WHAT YOU NEED TO DO:
Copy out all of the lines below exactly; the pictures do not belong in the copy.

*** STORED DATA ***

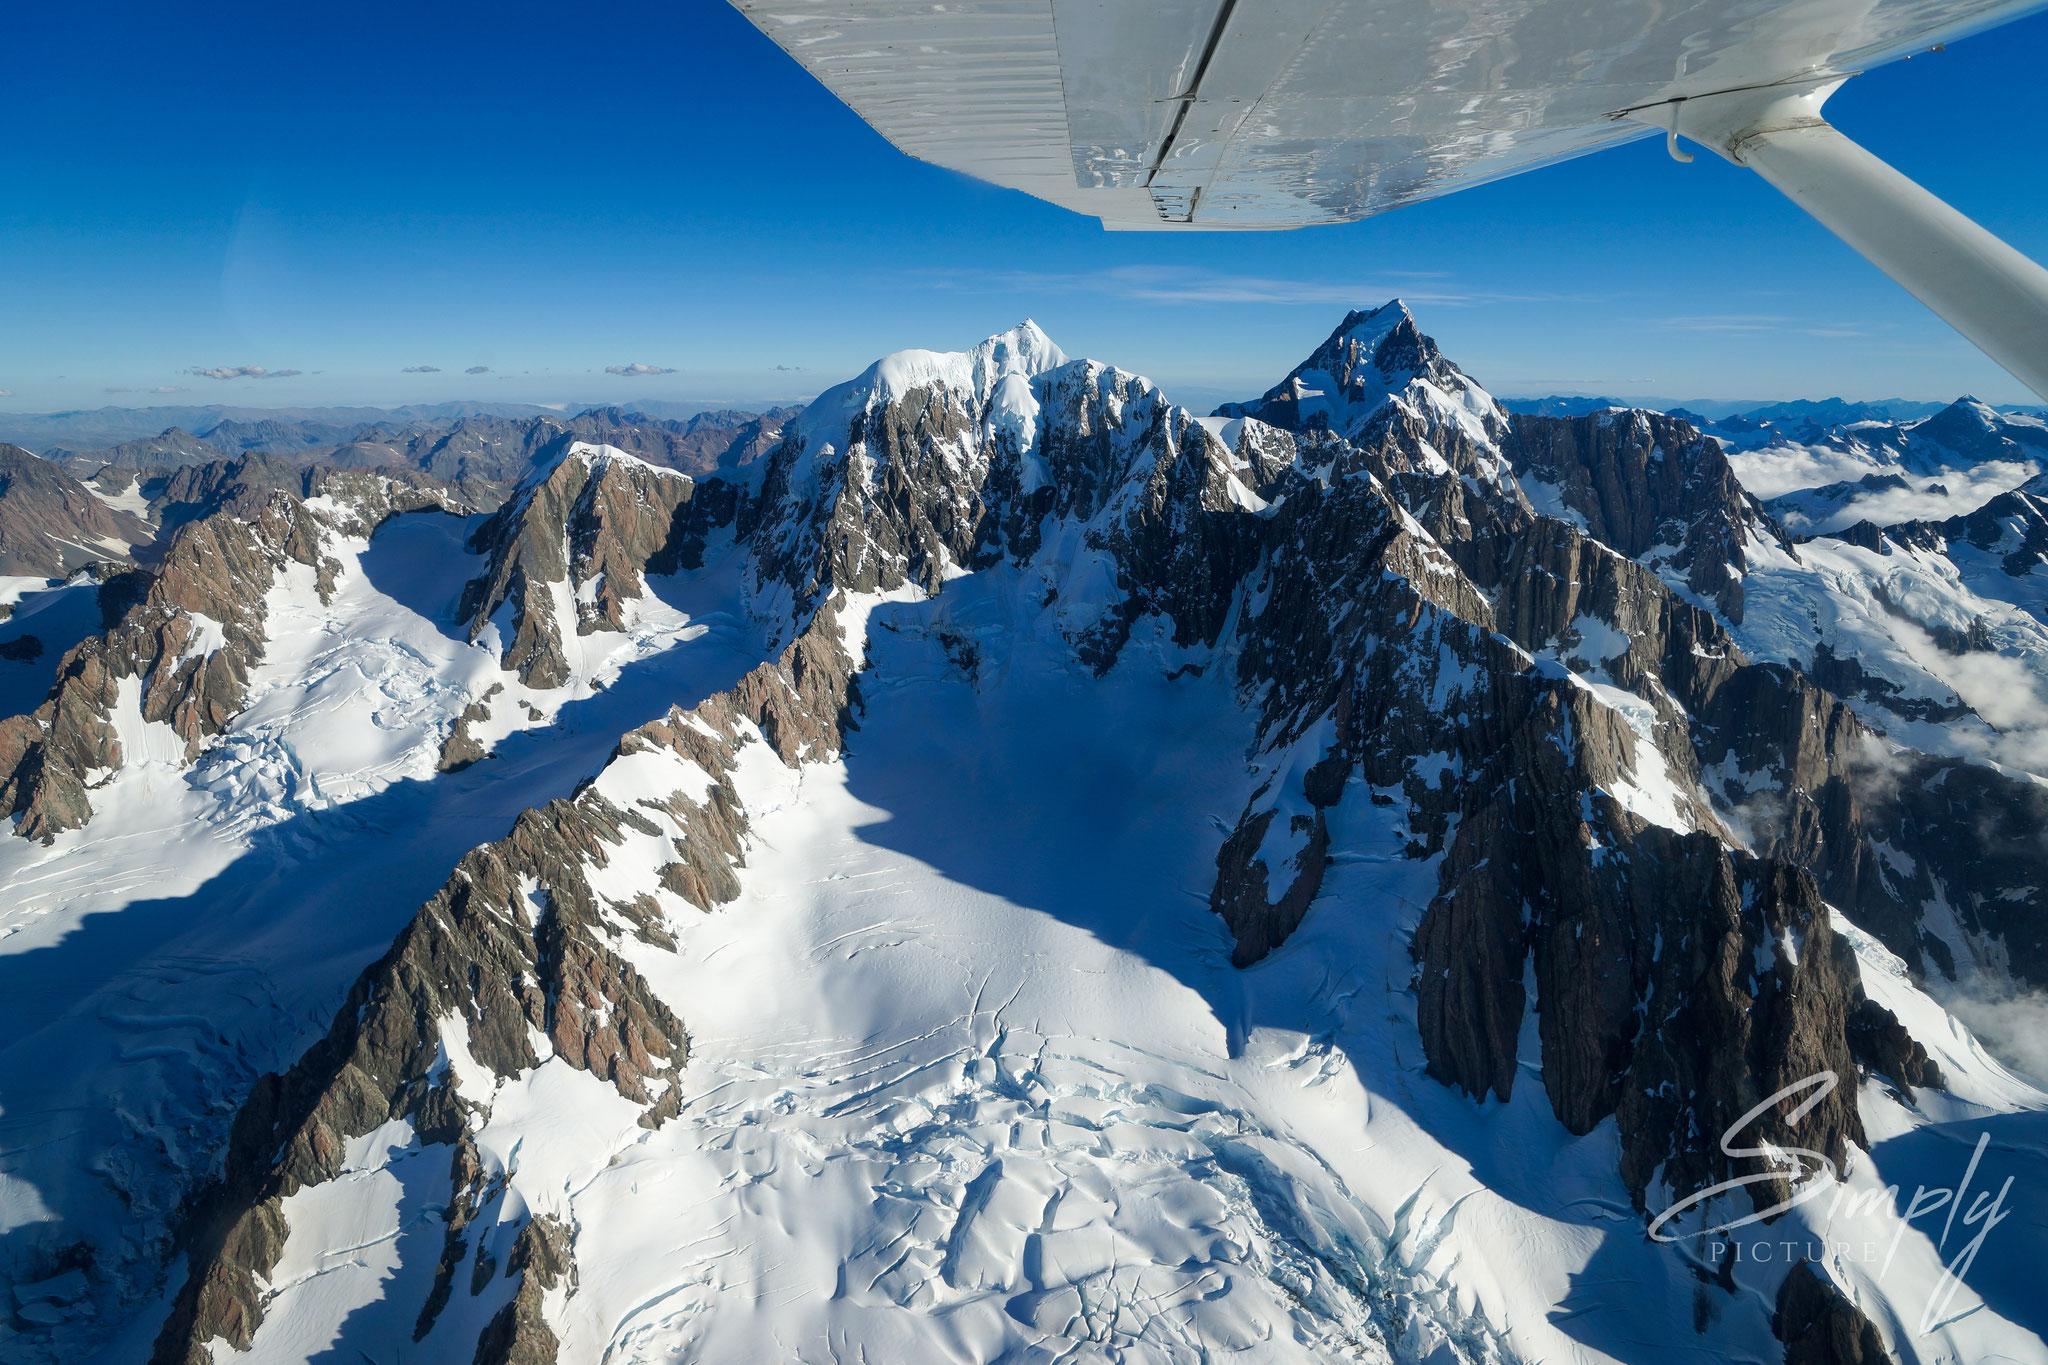 Flug über die südlichen Alpen, weisser Flügel des Flugzeugs und Blick auf den Mount Cock mit Schnee und Eis
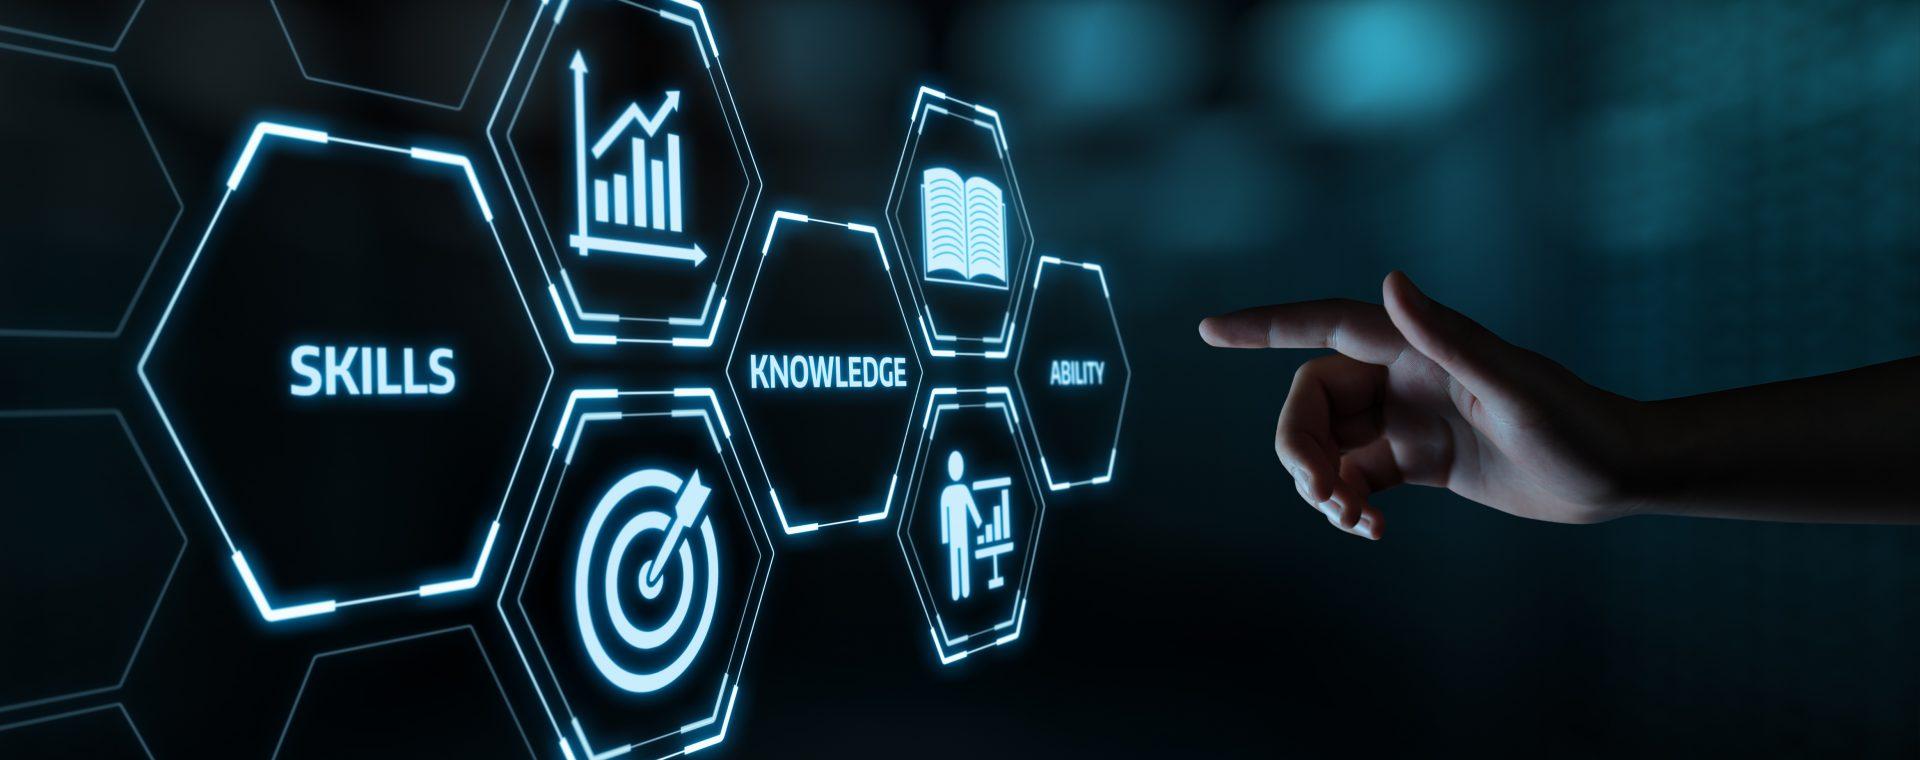 Immagine: Competenze digitali @work: il futuro è oggi
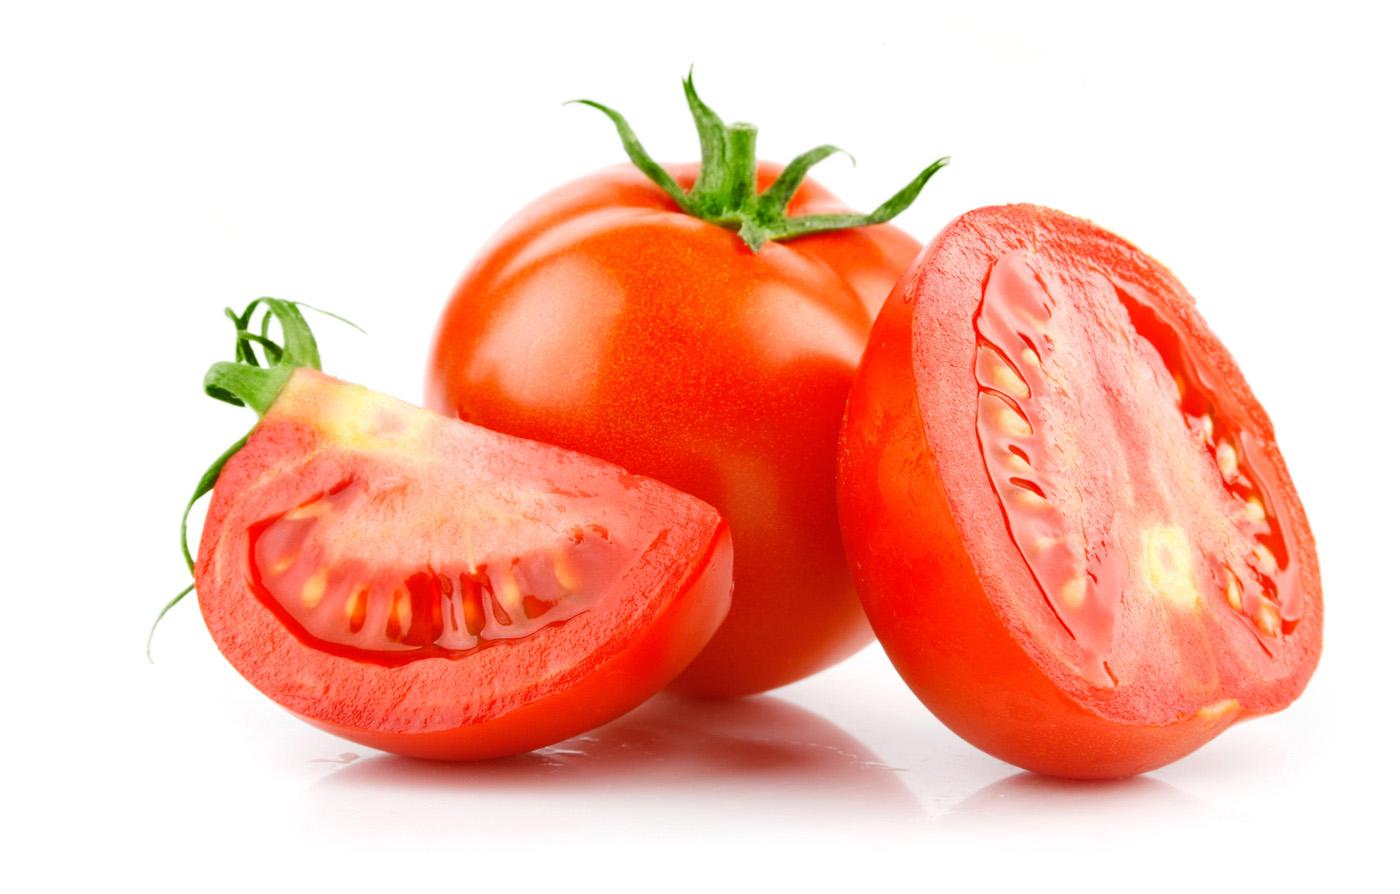 Desechos de tomates, aptos para generar electricidad
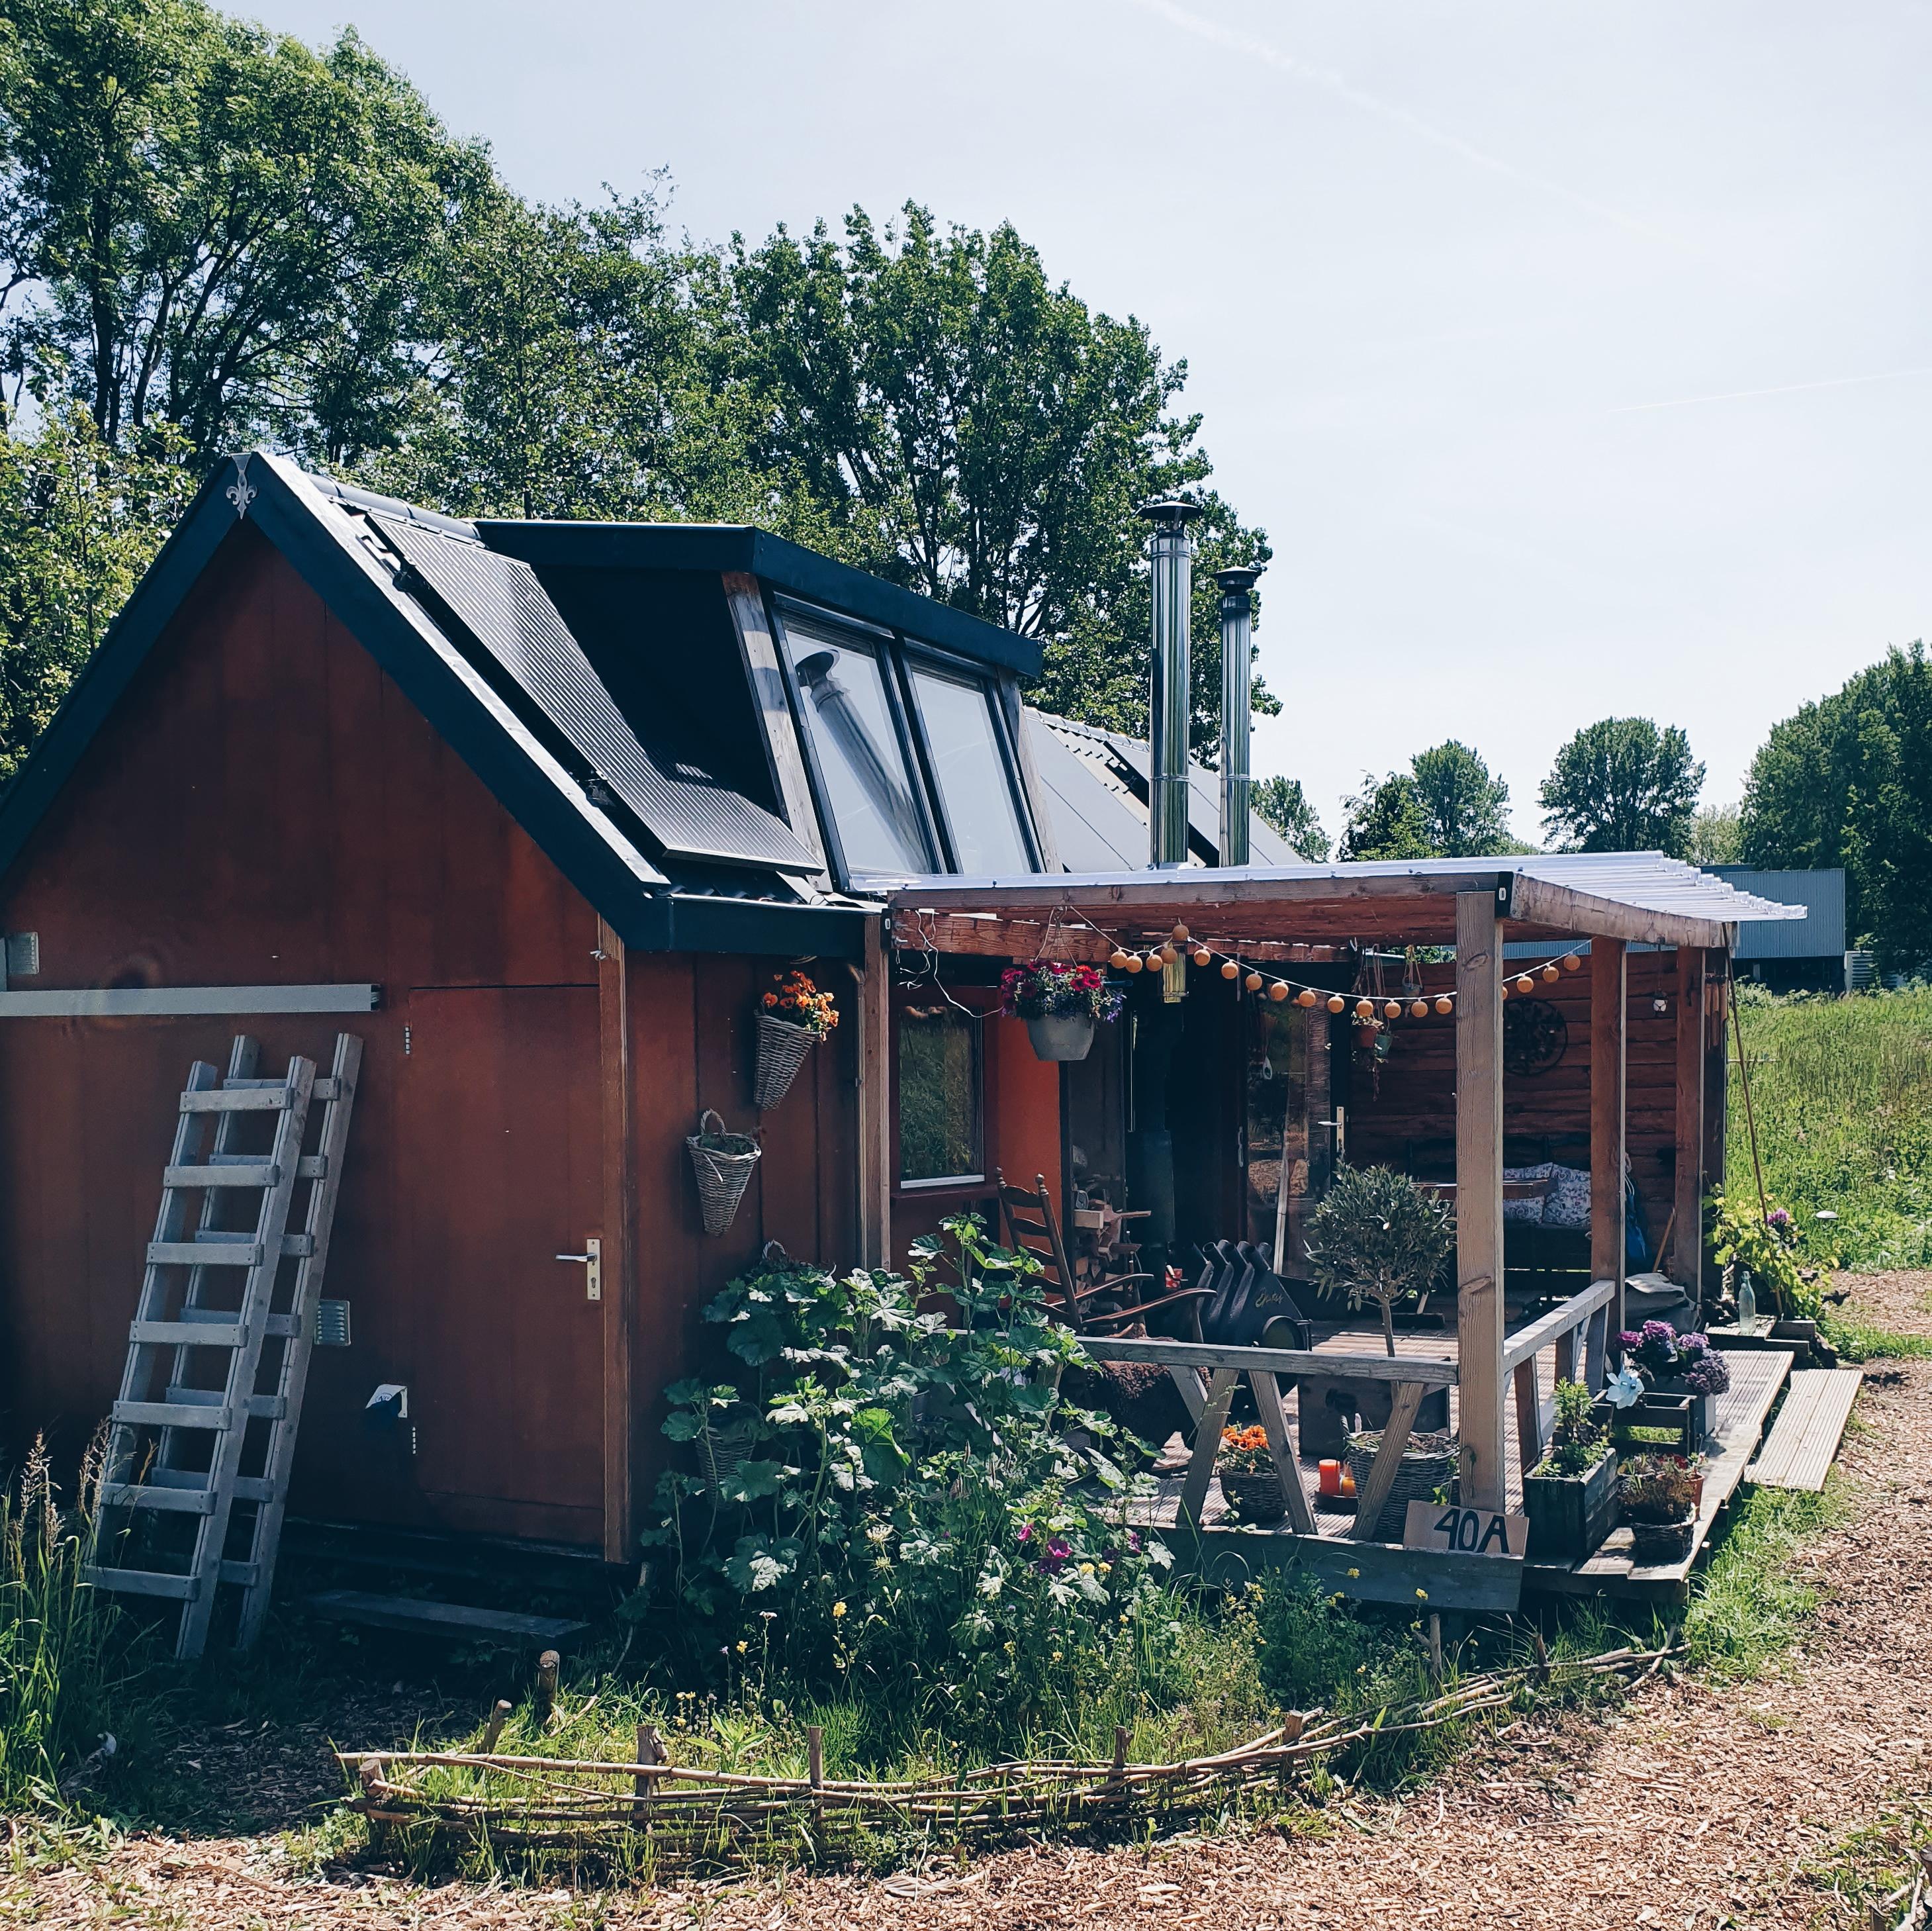 tiny village kleinhuizen

*** End of STORED DATA ***

SOLUTION FOR THIS TASK:
 Flug über die südlichen Alpen, weisser Flügel des Flugzeugs und Blick auf den Mount Cock mit Schnee und Eis
 Immagine: Competenze digitali @work: il futuro è oggi
 Desechos de tomates, aptos para generar electricidad
 tiny village kleinhuizen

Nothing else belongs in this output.